Work to be completed ->
The answer is the exact run of lines in the listing below from the line containing "Заглушка для компьютерного" up to and including the line containing "Polo Ralph Lauren", with pictures removed.

Record extracts ->
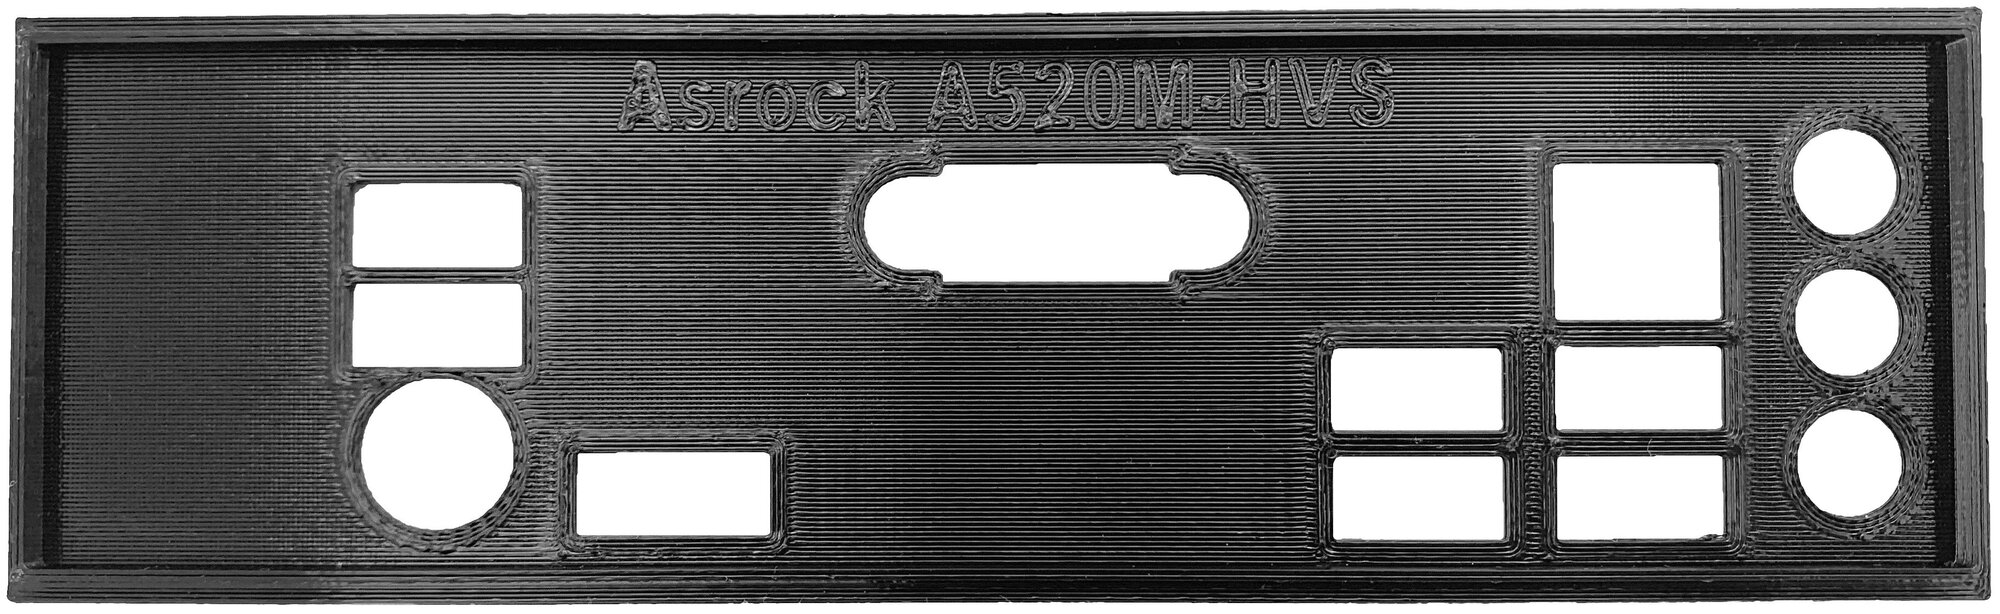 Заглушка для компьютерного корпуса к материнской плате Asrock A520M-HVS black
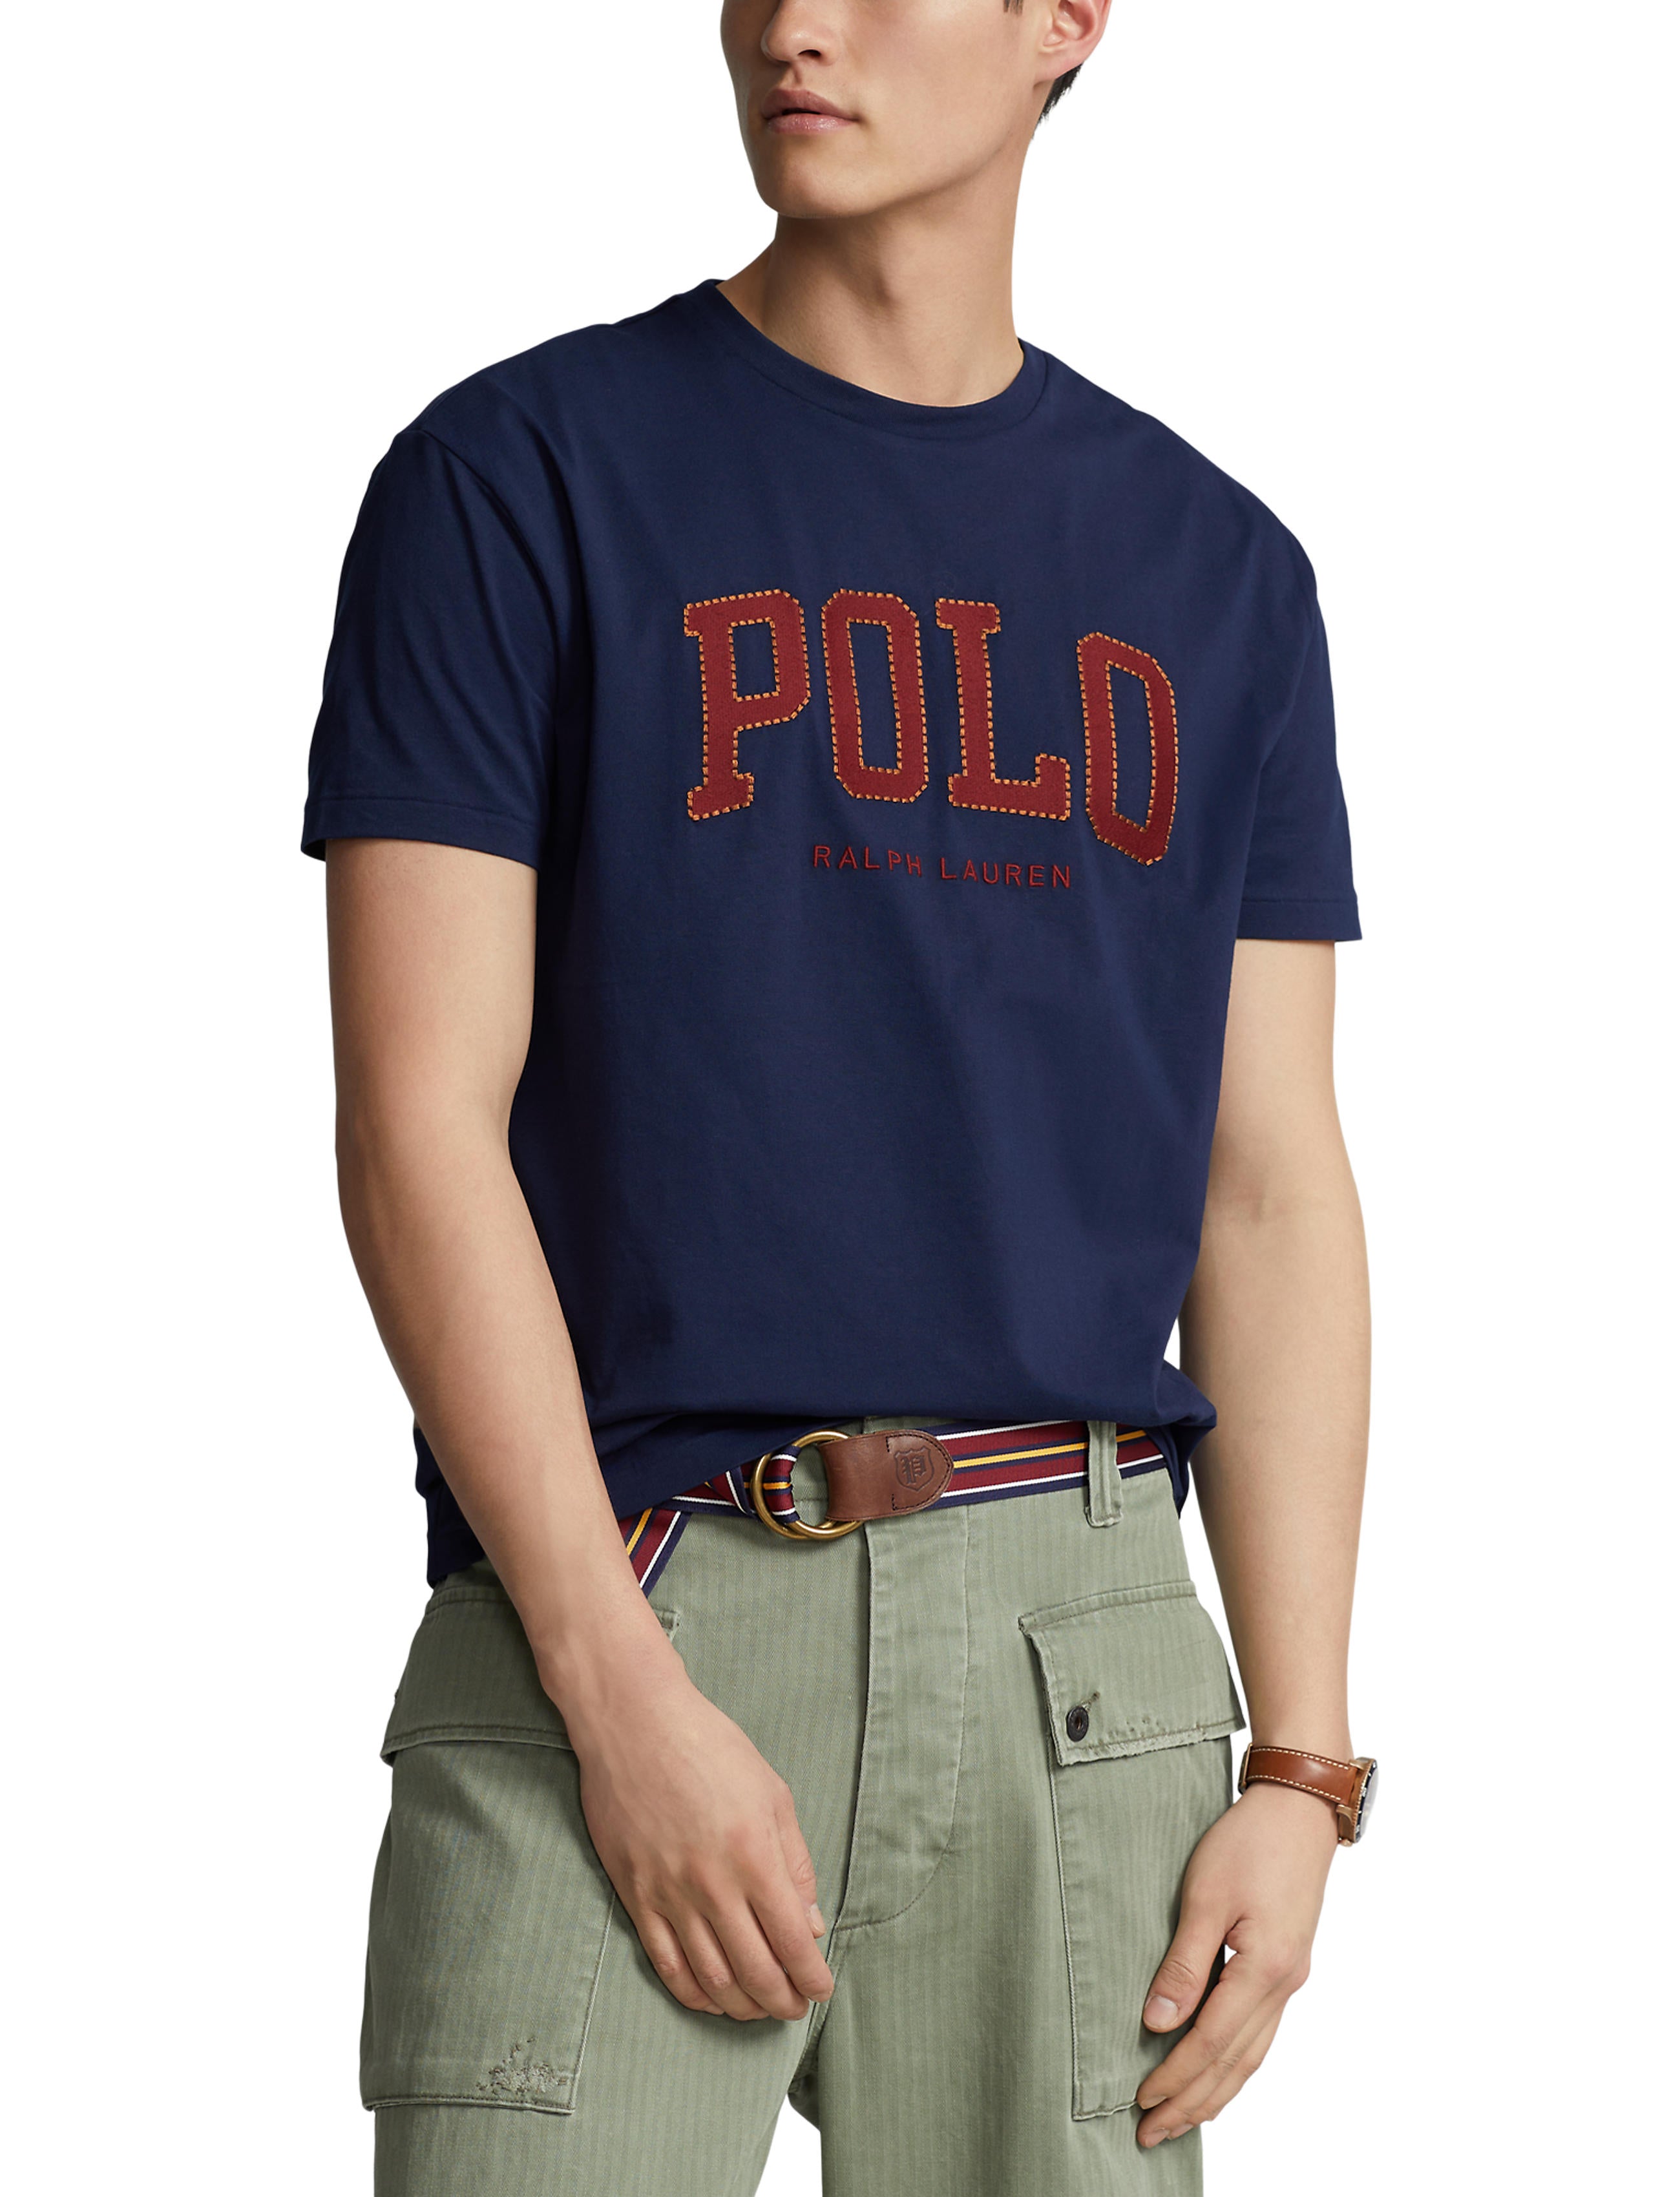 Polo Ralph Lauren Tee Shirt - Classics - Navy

==

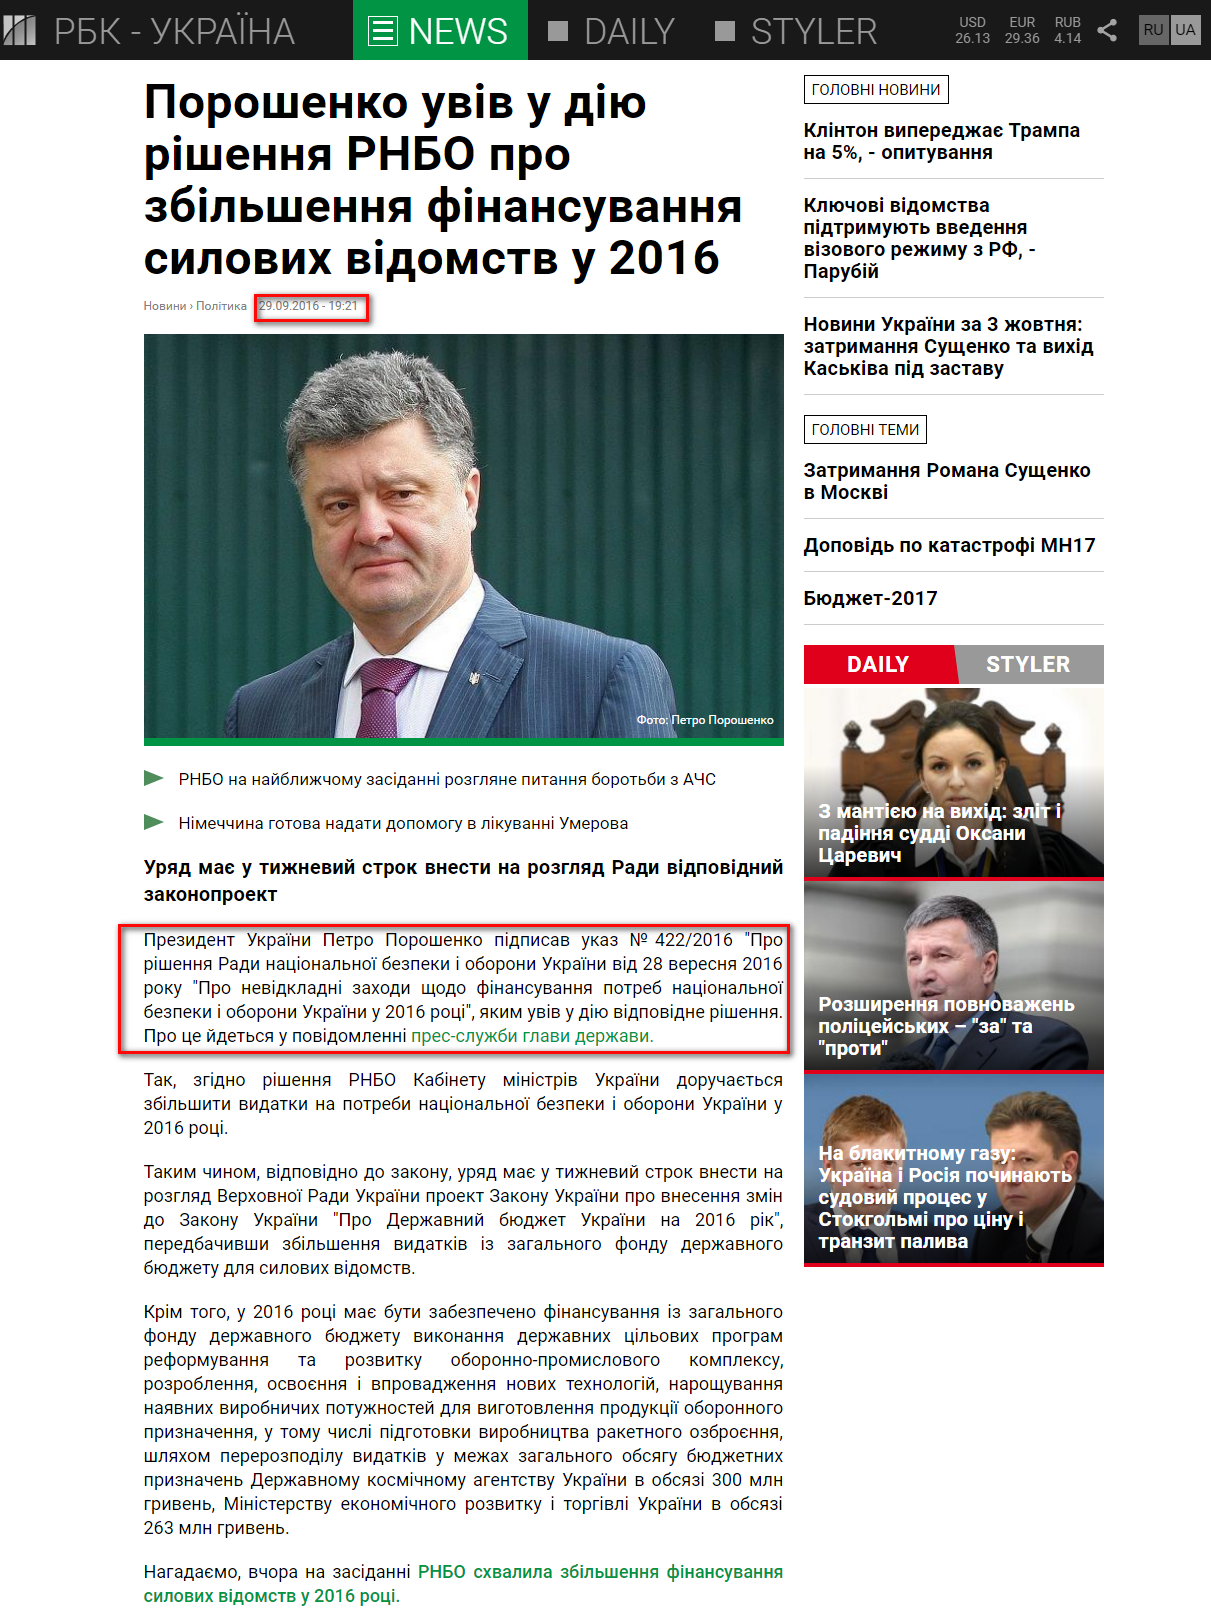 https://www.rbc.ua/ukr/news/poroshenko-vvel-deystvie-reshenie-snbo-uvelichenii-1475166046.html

Completed exercise ->
 Заглушка для компьютерного корпуса к материнской плате Asrock A520M-HVS black
 Polo Ralph Lauren Tee Shirt - Classics - Navy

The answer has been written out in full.